▶ **REQUIREMENT**
Below are lines of records; copy exactly those from the one containing "Patrick star makeup" through the one containing "La secretaria de", leaving the pictures behind.

▶ **DATA RECORDS**
▬▬▬▬▬▬

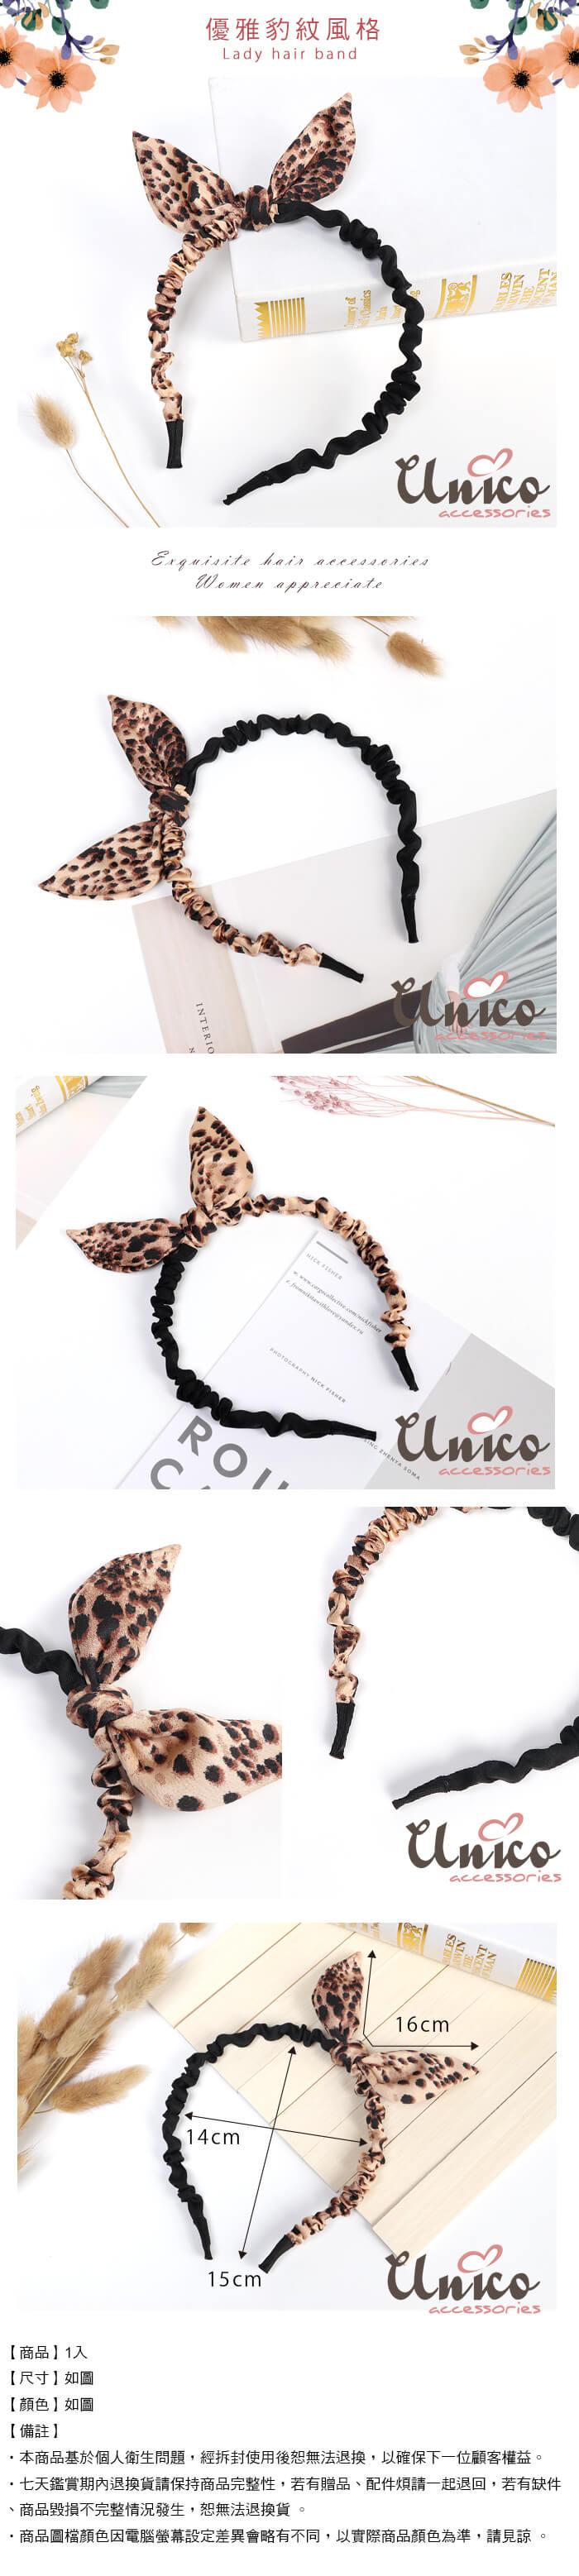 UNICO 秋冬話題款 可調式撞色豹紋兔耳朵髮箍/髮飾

▬▬▬▬▬▬

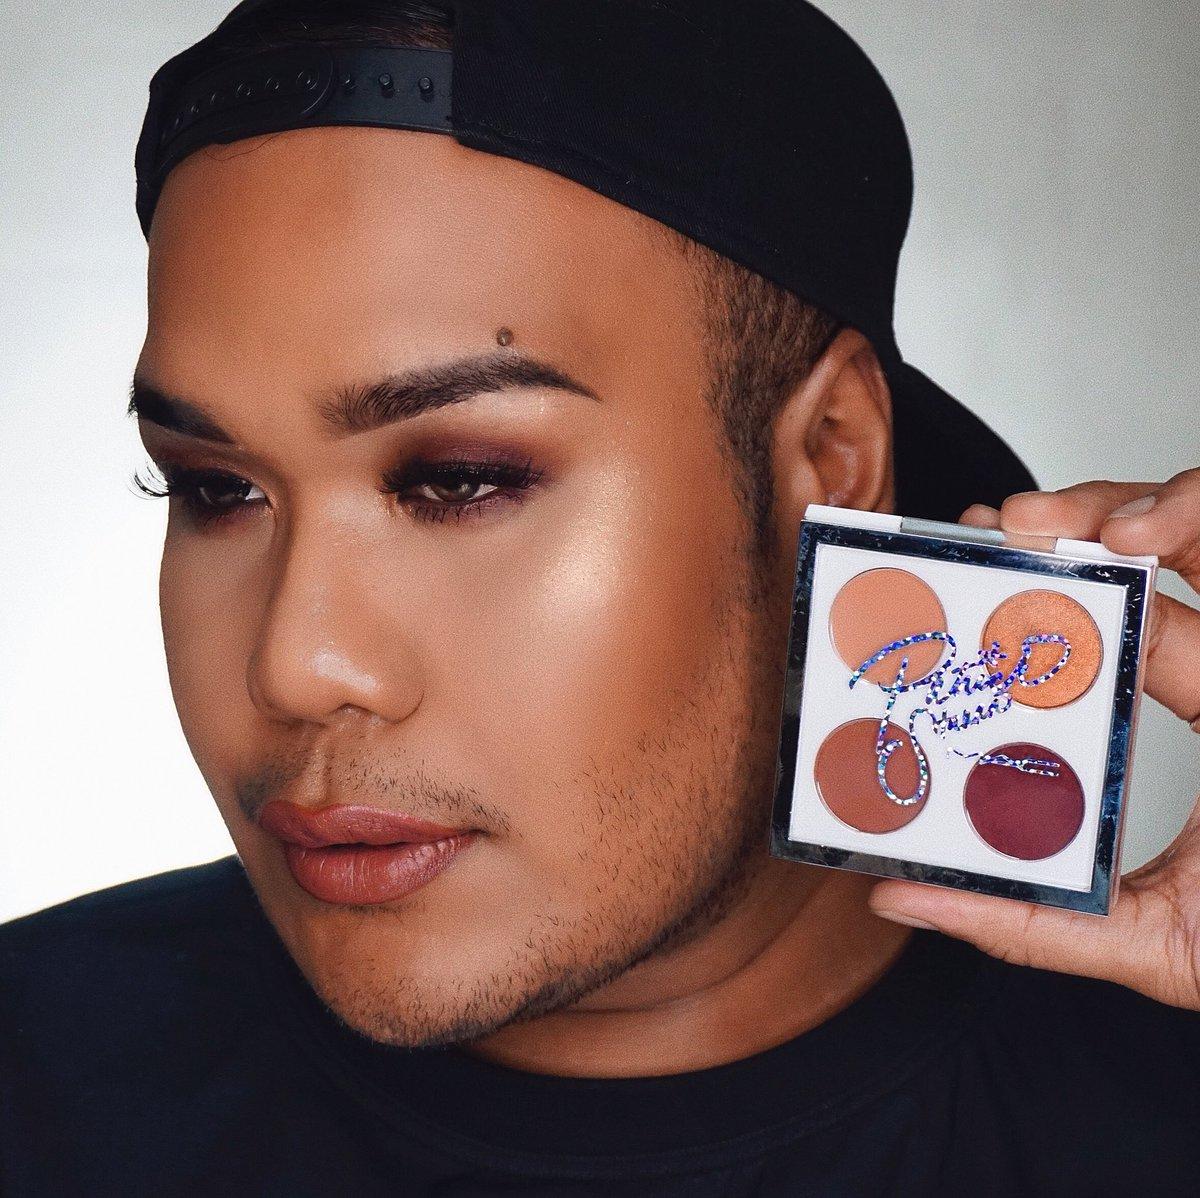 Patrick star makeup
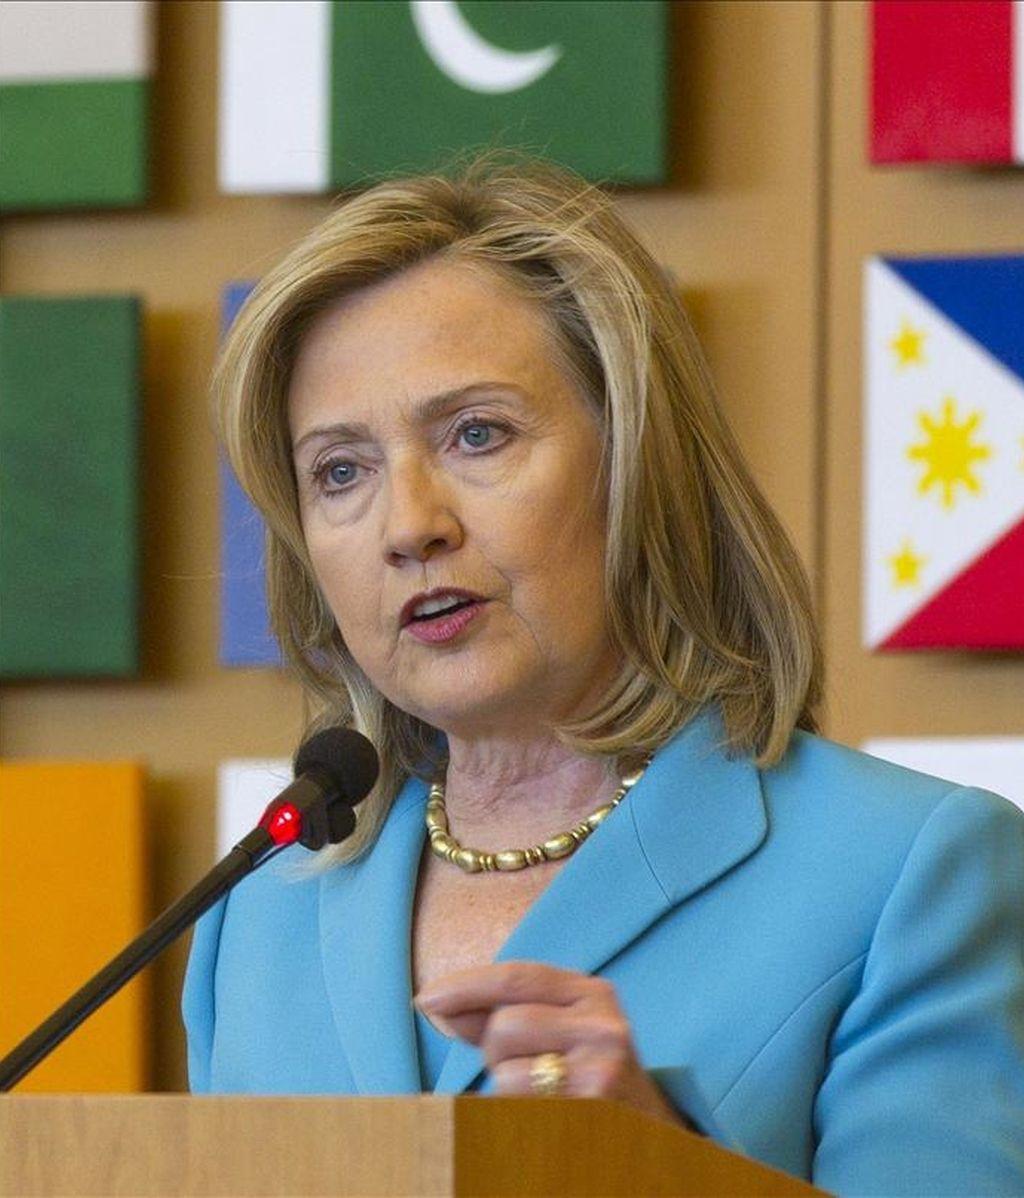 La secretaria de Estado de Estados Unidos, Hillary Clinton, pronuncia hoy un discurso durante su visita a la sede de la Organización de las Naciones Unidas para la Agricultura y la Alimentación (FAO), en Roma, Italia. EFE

▬▬▬▬▬▬

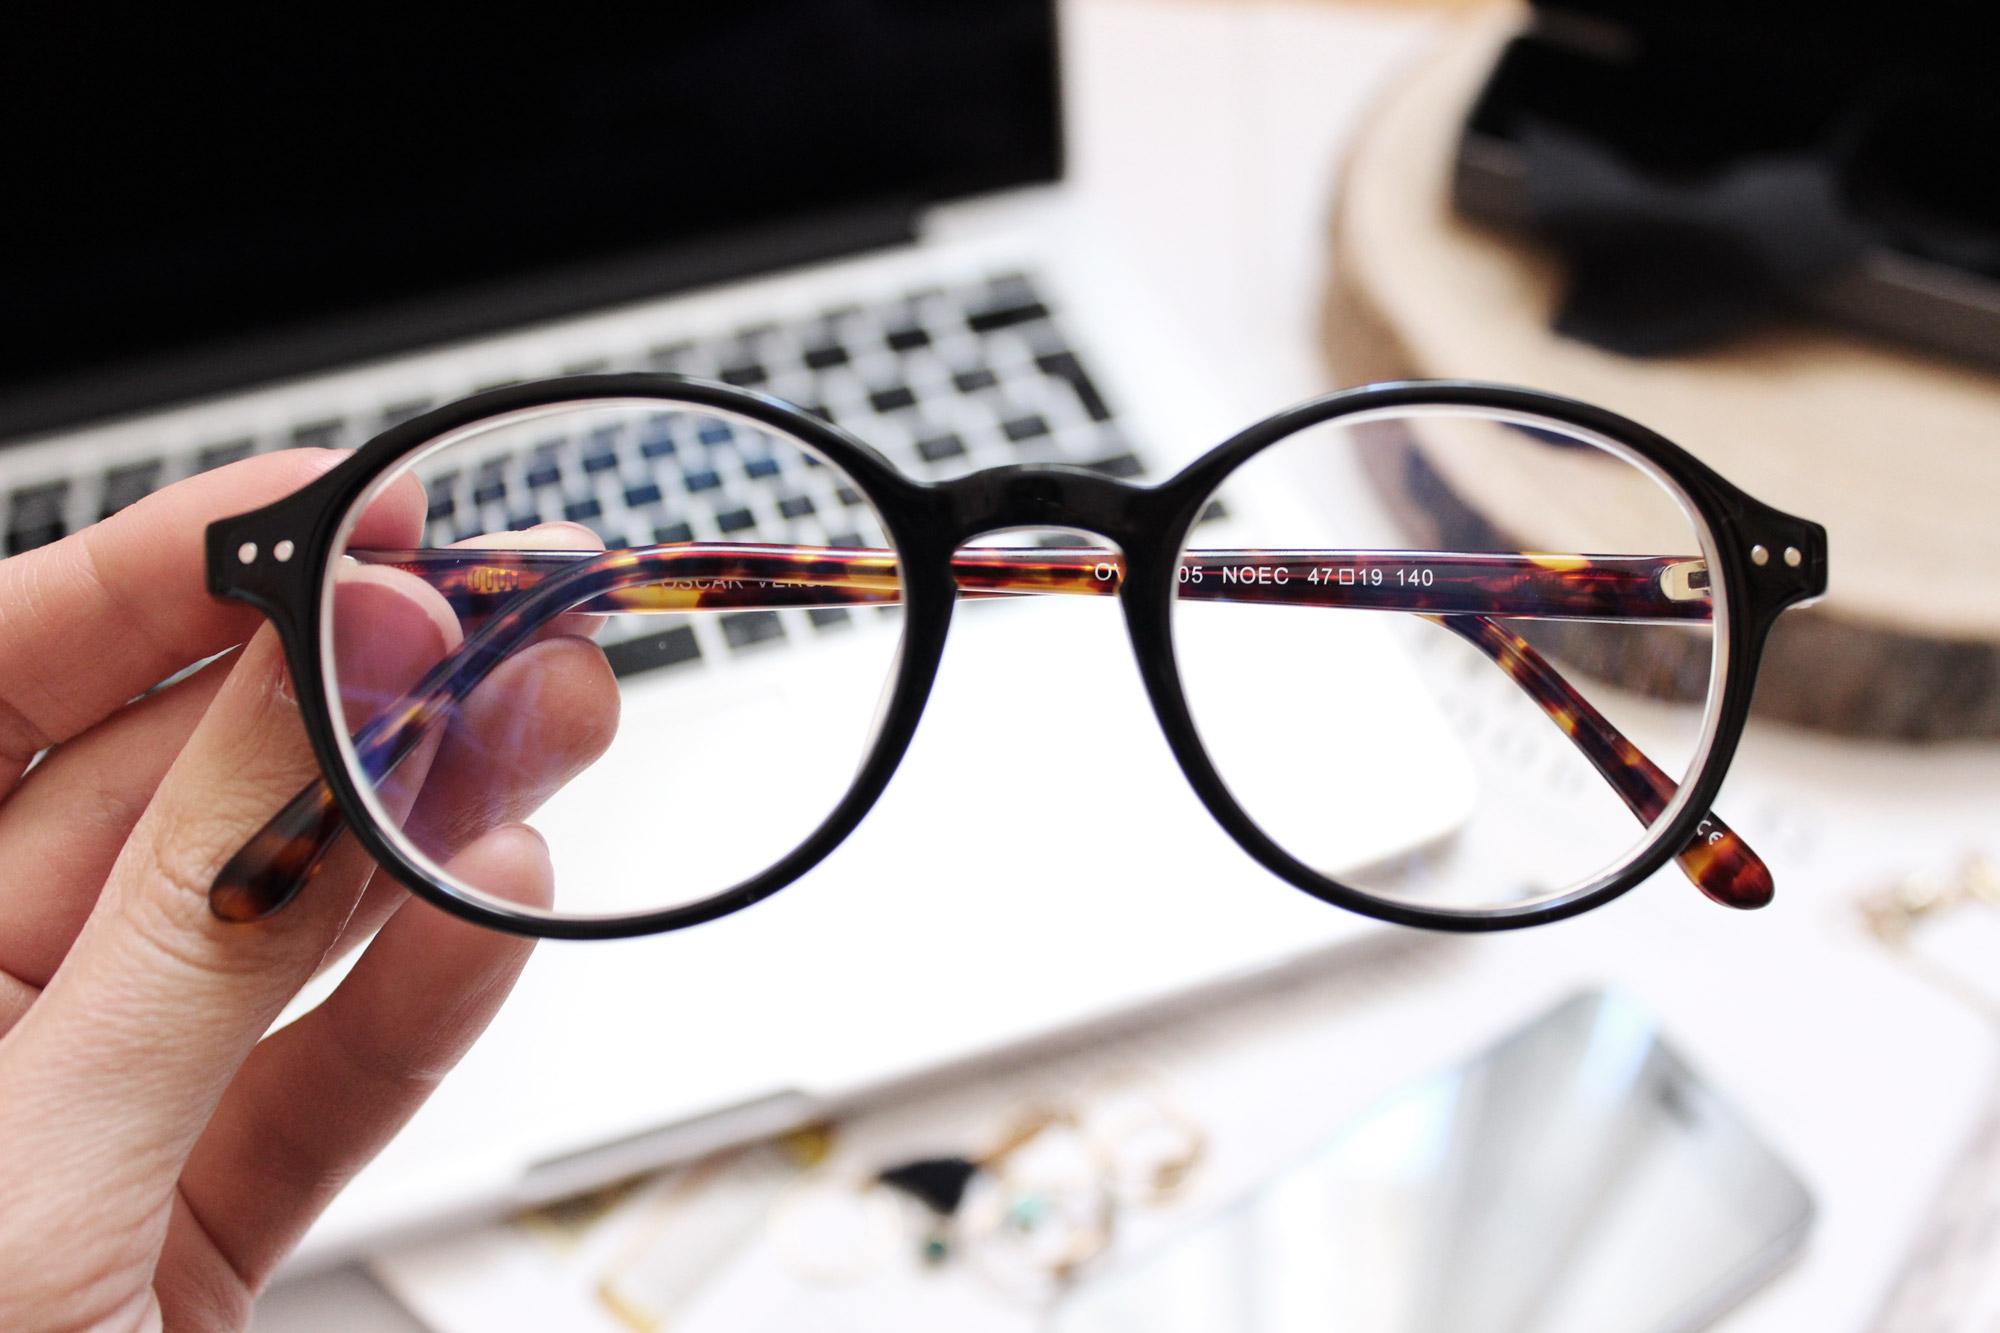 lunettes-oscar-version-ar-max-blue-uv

▬▬▬▬▬▬

▶ **EXERCISE ANSWER**
 Patrick star makeup
 La secretaria de Estado de Estados Unidos, Hillary Clinton, pronuncia hoy un discurso durante su visita a la sede de la Organización de las Naciones Unidas para la Agricultura y la Alimentación (FAO), en Roma, Italia. EFE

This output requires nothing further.